=== SOURCE RECORDS ===
▶

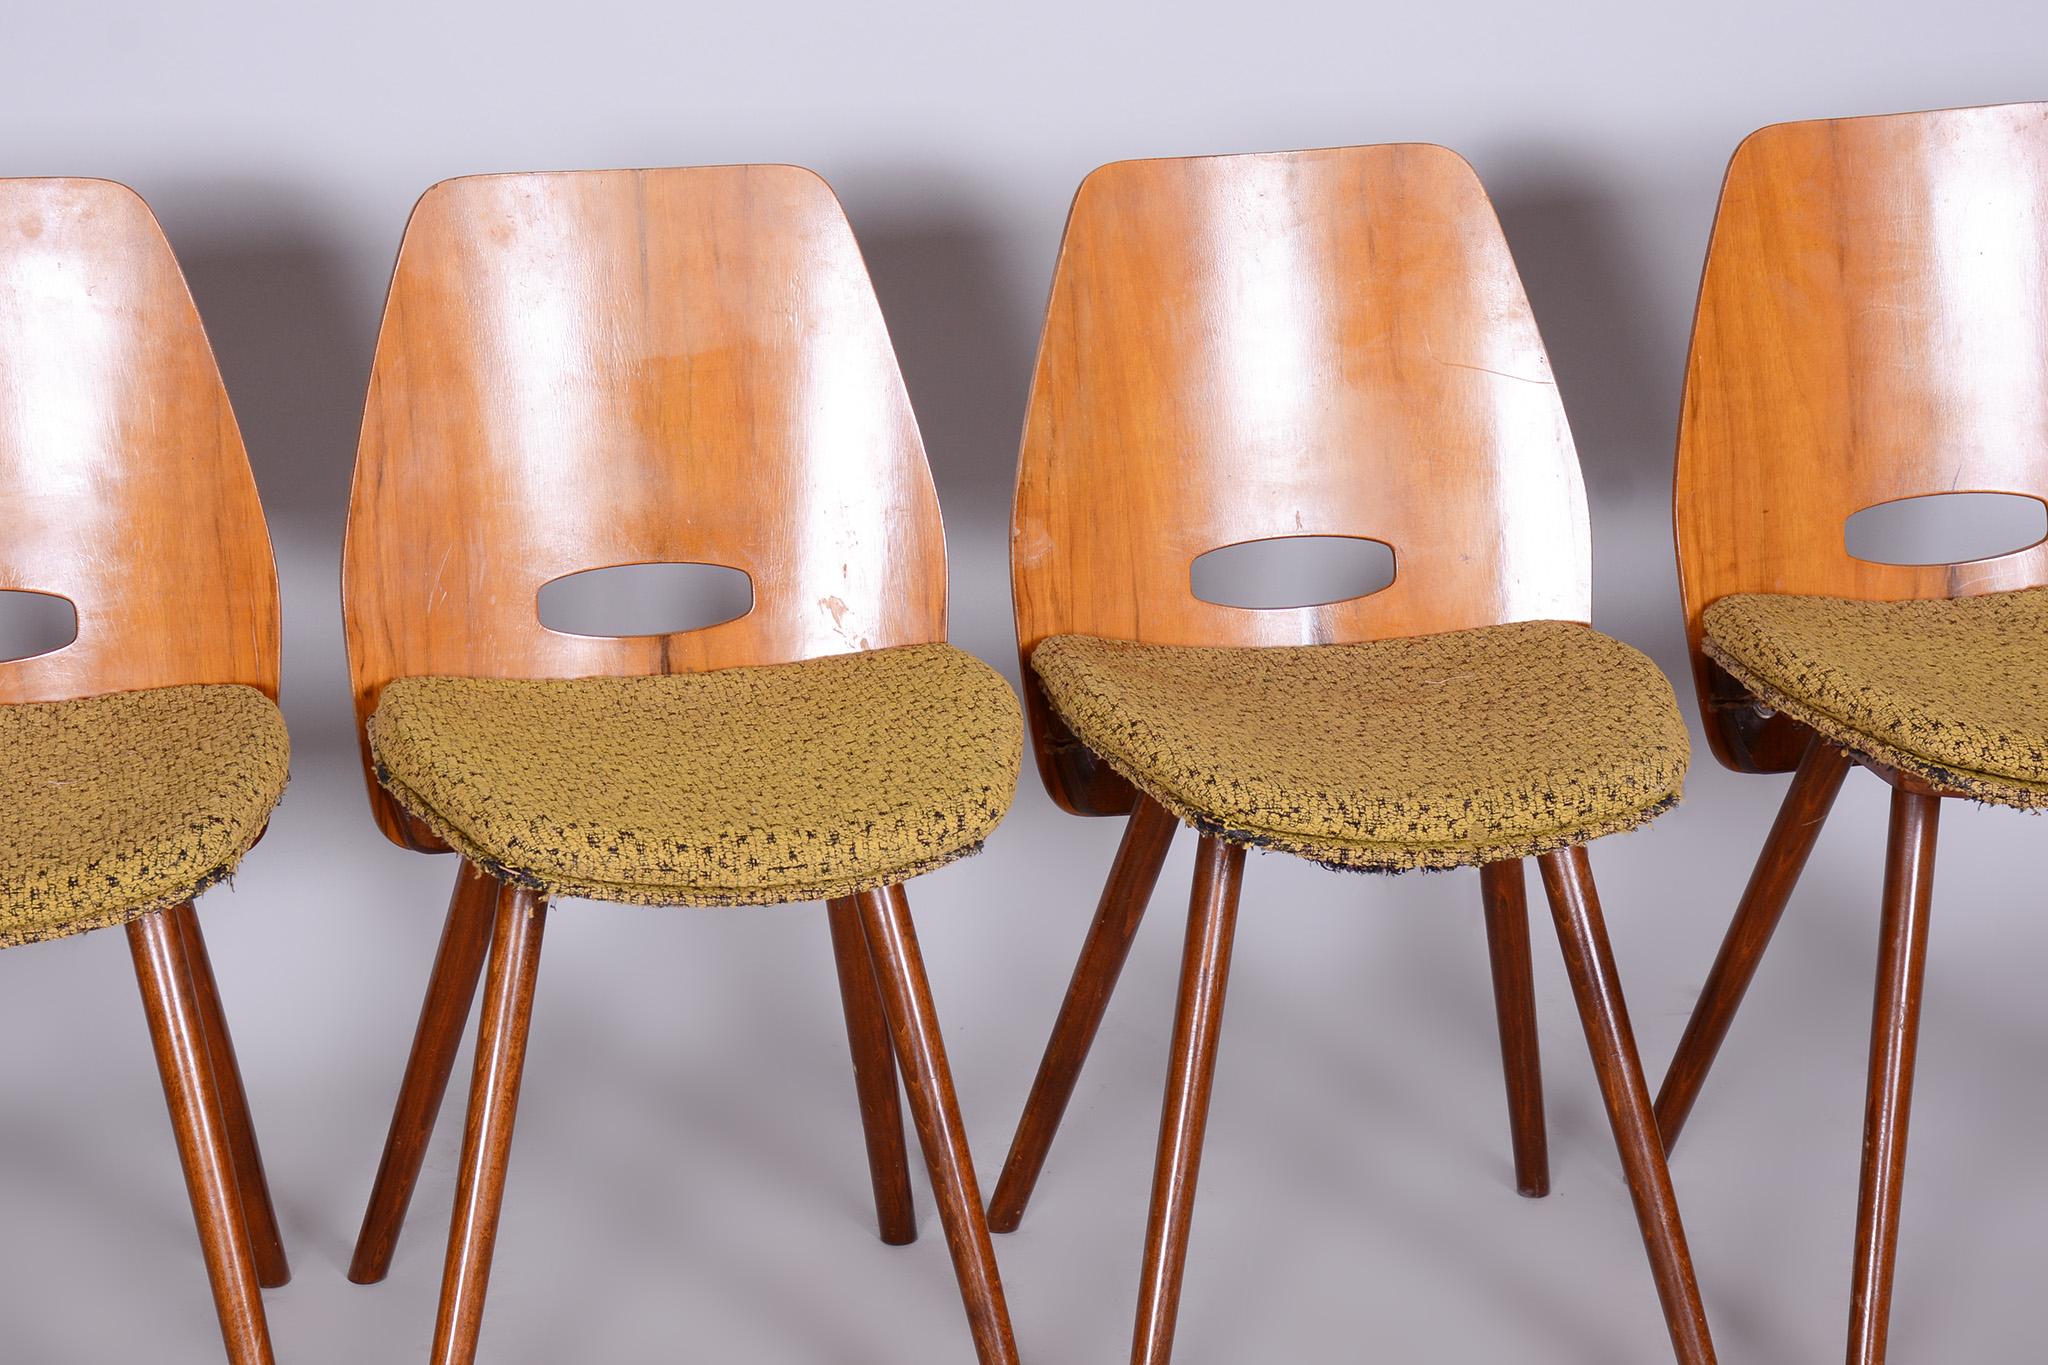 Original Set of Four midcentury walnut chairs by Frantisek Jirak.

Maker: Tatra Nabytok n.p.
Period: 1950-1959
Source: Czechia
Material: Walnut 

Original well-preserved condition. Cleaned upholstery.
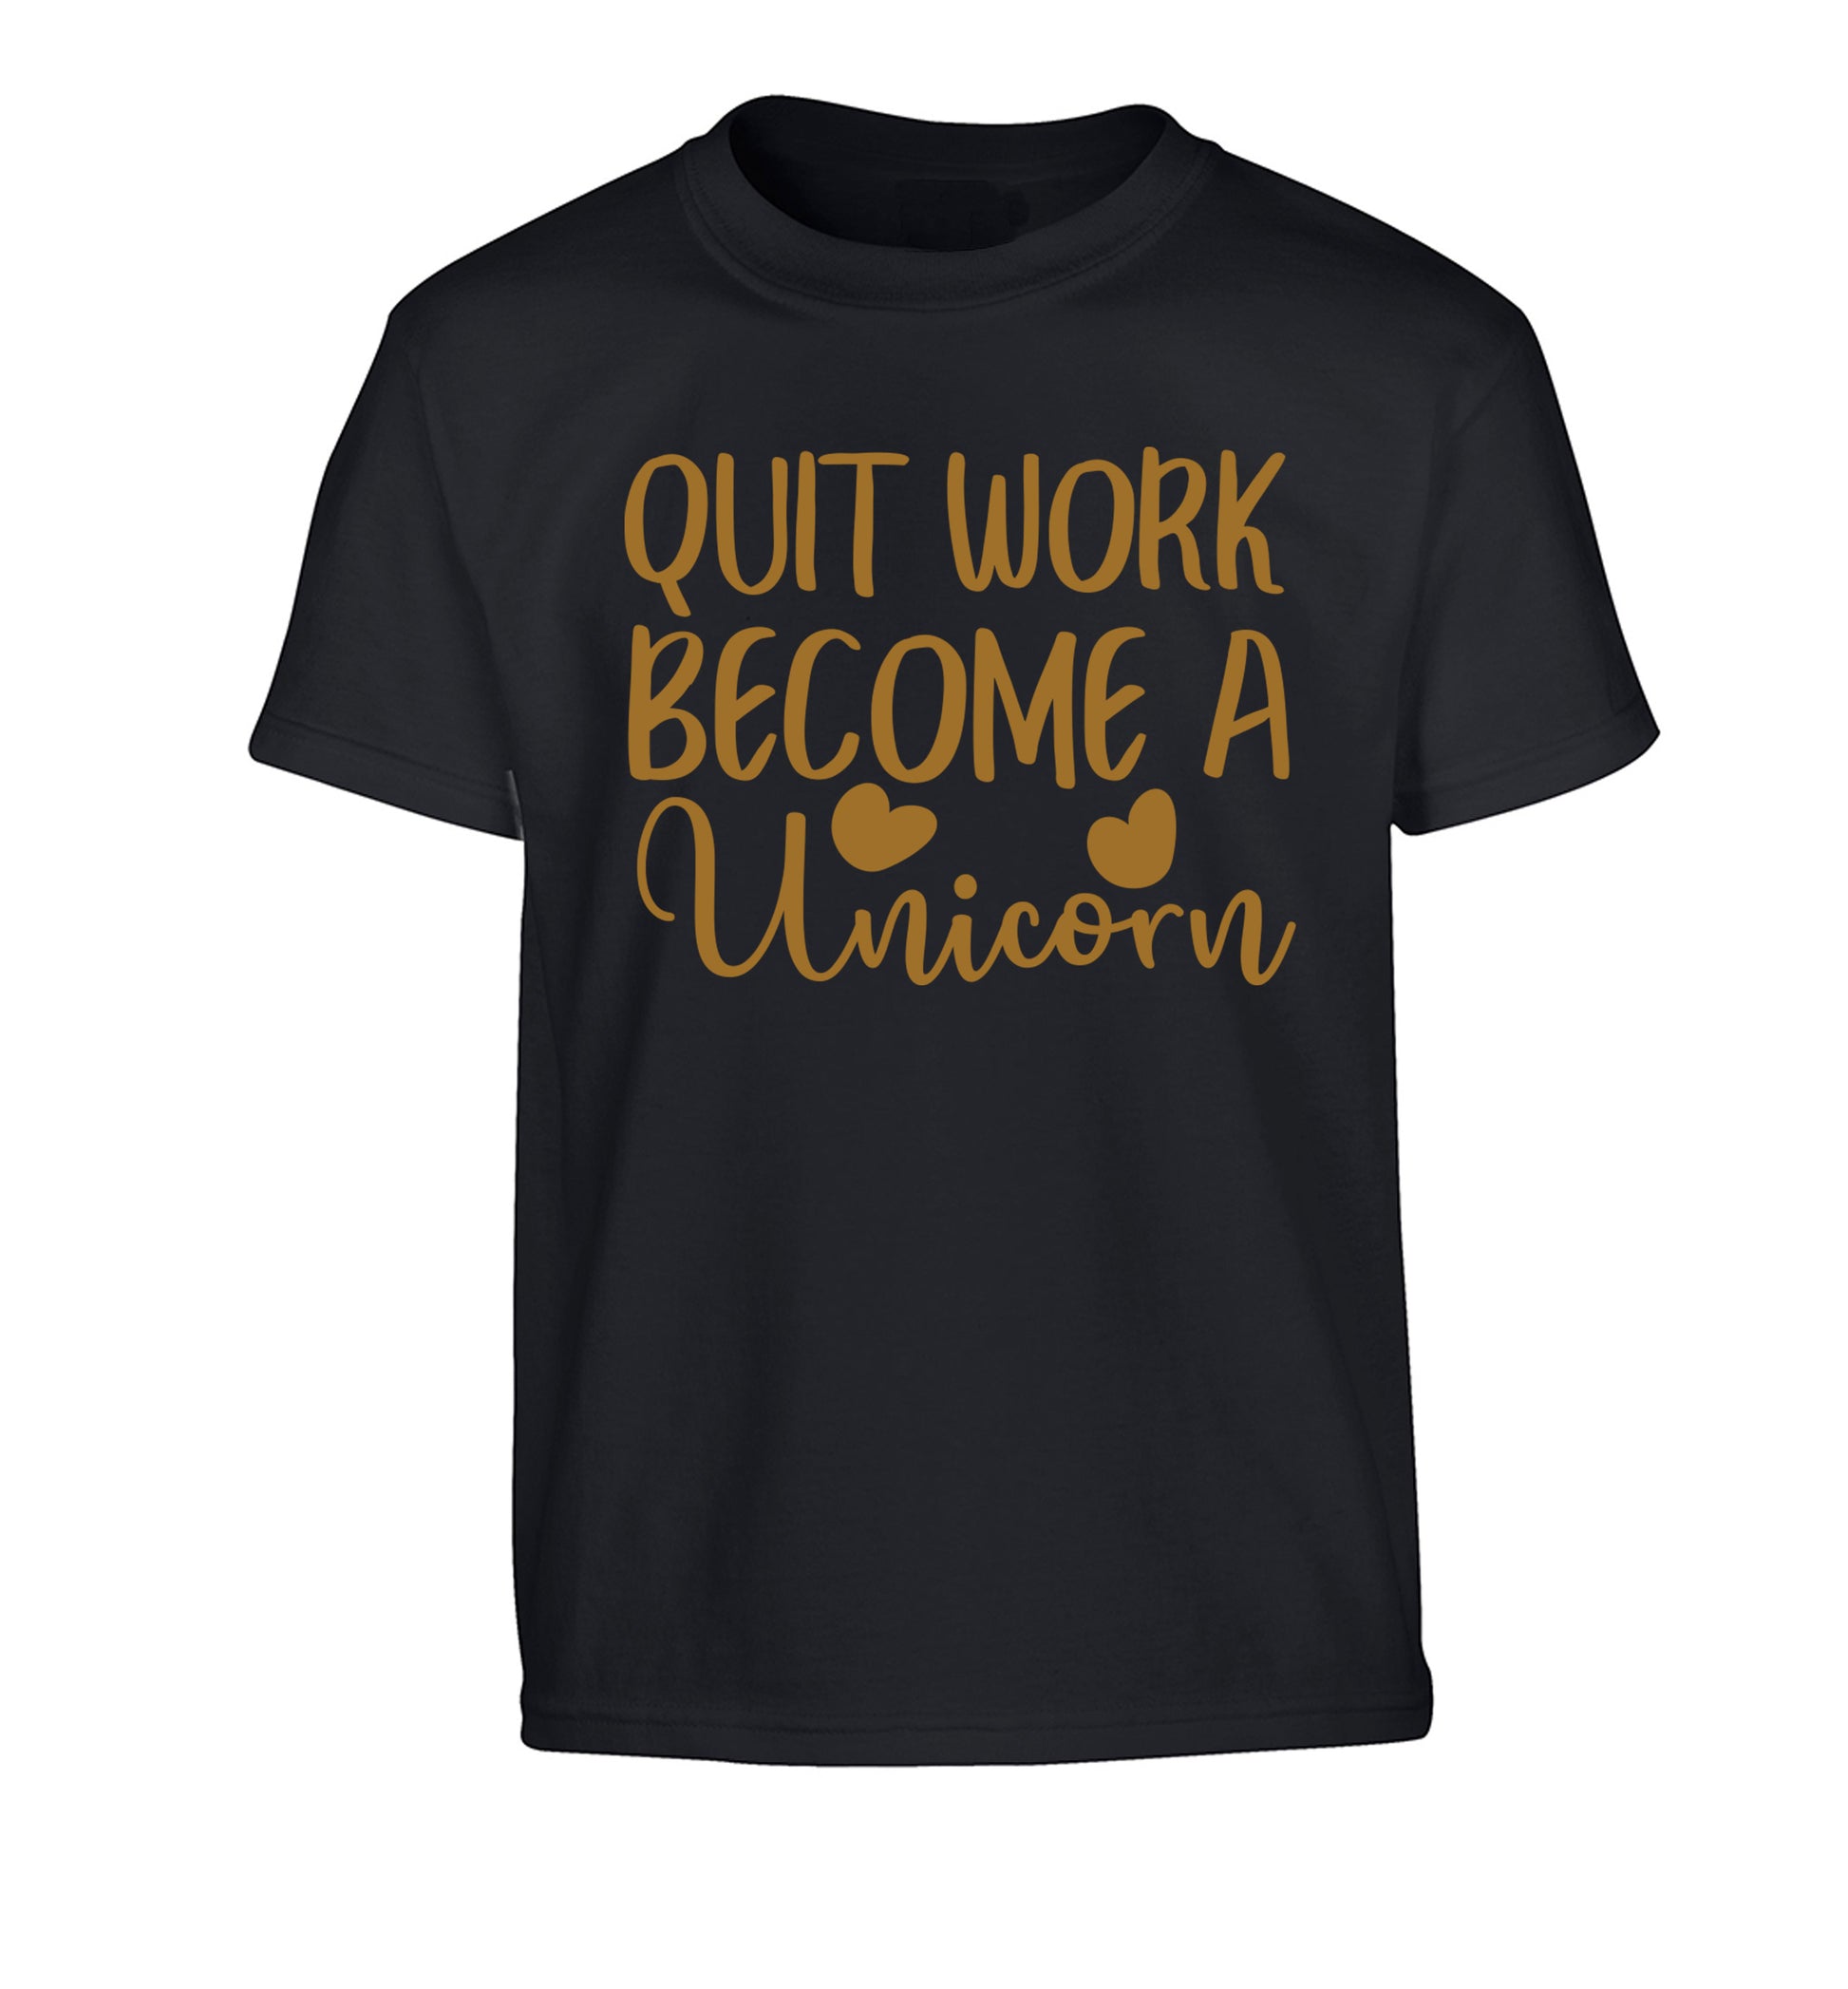 Quit work become a unicorn Children's black Tshirt 12-13 Years

◀

=== THE PROBLEM ===
Reproduce word for word the lines running from the line with "Maker: Tatra Nabytok n.p." through the end of the data, both included, and nothing else; leave out the pictures.

=== PROBLEM SOLUTION ===
Maker: Tatra Nabytok n.p.
Period: 1950-1959
Source: Czechia
Material: Walnut 

Original well-preserved condition. Cleaned upholstery.
 Quit work become a unicorn Children's black Tshirt 12-13 Years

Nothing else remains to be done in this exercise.